Nearly Legal: Housing Law News and Comment

Doesn’t it make you proud to be English?*

The Immigration Bill 2015 has been published and will have a Second Reading in the House of Commons on October 13, 2015. It contains some truly remarkable provisions about housing. But first, short re-cap to remind you how we got to this stage.

The Immigration Act 2014 introduced the concept of the “right to rent”. In short, if you don’t have a right to rent (very broadly, if you’re not lawfully present in the UK), then you’re disqualified from renting most residential accommodation. The penalty, however, fell on the landlord or agent, who was liable for a civil penalty (a fine, with a right of appeal).
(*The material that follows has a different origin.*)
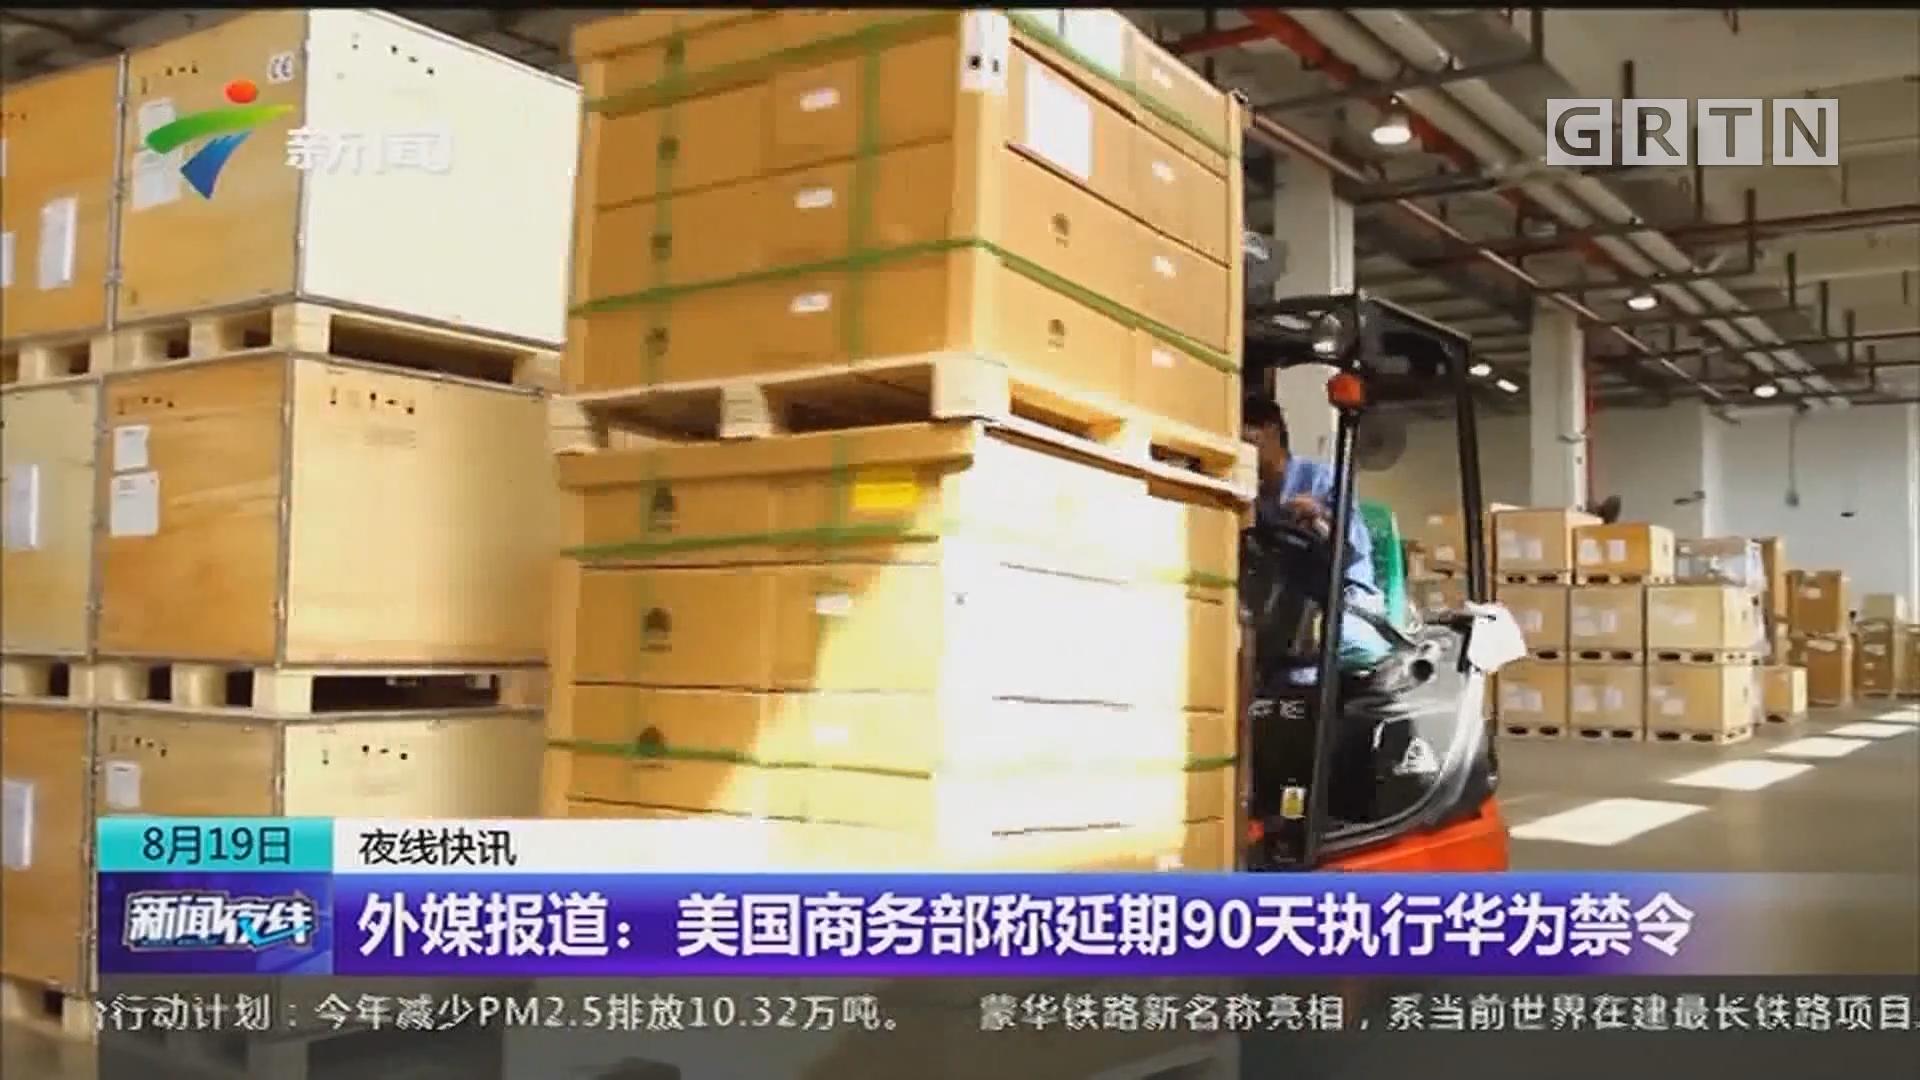 外媒报道:美国商务部称延期90天执行华为禁令

Given that many landlords can’t even get the tenancy deposit provisions right, the prospect of requiring them to identify Zambrano carers and other immigration issues was, frankly, ludicrous. So the government announced that the 2014 Act would be introduced on a trial basis in a few local authority areas.

Following the general election, the government returned to this topic. The Prime Minister made a speech indicating that he wanted to make it easier to evict persons unlawfully present in the UK and then we got more detail in the Queen’s Speech and in a subsequent CLG/Home Office announcement. Whilst this was going on, independent research into the 2014 Act trial areas revealed that the obvious discriminatory risks inherent in the legislation had indeed come to pass.

Which brings us back to the 2015 Bill. It amends the Immigration Act 2014 in two ways.

First, new criminal offences are created (cl.12, introducing new ss.33A-C, 2014 Act). A landlord commits an offence if (i) his property is “occupied by an adult who is disqualified as a result of their immigration status from occupying premises under a residential tenancy agreement” (i.e. an adult without a 2014 Act “right to rent”); and, (ii) the landlord knows or had reasonable cause to believe that this is so (new s.33A(1)-(3)). It appears that can be committed either through own knowledge/belief or because the Secretary of State has served a notice on the landlord, informing him that the property is so occupied (s.33(5)). It is also possible to commit this offence where a limited right to rent has expired (s.33A(7)). Similar provisions exist for agents (s.33B).

The penalty is up to five years imprisonment (on indictment, 12 months on summary conviction) and/or a fine (s.33C). Now, I accept that five years is likely to be reserved for repeat offenders, but still, WTAF?!

Secondly, we have some major reforms to the law on eviction. Clause 13 introduces new s.33D, 2014 Act. It works like this. If the Secretary of State becomes aware that a person without a right to rent occupies the property, he serves a notice on the landlord (s.33D(2)). The landlord can then serve a notice on the tenant, giving 28 days notice (s.33D(3)-(4)), bringing the tenancy to an end. That notice is enforceable as if it were an order of the High Court (s.33D(6)). The service of the notice by the Secretary of State has the effect of turning the tenancy into an excluded tenancy (s.3A, Protection from Eviction Act 1977).

For assured and Rent Act tenants mandatory grounds for possession are also introduced (s.33E).

Comment

There are many, many things to say about this and I suspect my fellow NL authors will want to add to this list in the comments, but, for starters:

I’m not entirely clear if the “notice enforceable as if a High Court order” is intended to only apply to lettings which are not governed by the HA 1988 or Rent Act. If they are, what is the point of the new mandatory grounds? Why would you ever use the mandatory ground? Surely it’s pretty dangerous to use the “notice enforceable as High Court order” route since, as drafted, the Bill doesn’t provide any defence if you turn out to have erroneously evicted someone.

What happens if rent is paid in advance and the tenancy is terminated, where are the rent repayment provisions (cf the Deregulation Act 2015 position)?

What happens if the Secretary of State serves an erroneous notice? How does the landlord or occupier challenge that? Is it by judicial review and, if so, how is the tenant suppose to know when the landlord has been served? Or can you simply seek an injunction to prevent enforcement because a jurisdictional (or precedent) fact is not made out?

How many people are unlawfully present in the UK and are Rent Act tenants? Surely anyone in that position would have an exceptionally strong case to be allowed to remain in the UK given that it’d mean they’d been here since at least 1989.

 

 

 

 

 

*and it is English, this hateful bilge doesn’t extend to Wales, Scotland or NI yet, see cl.15.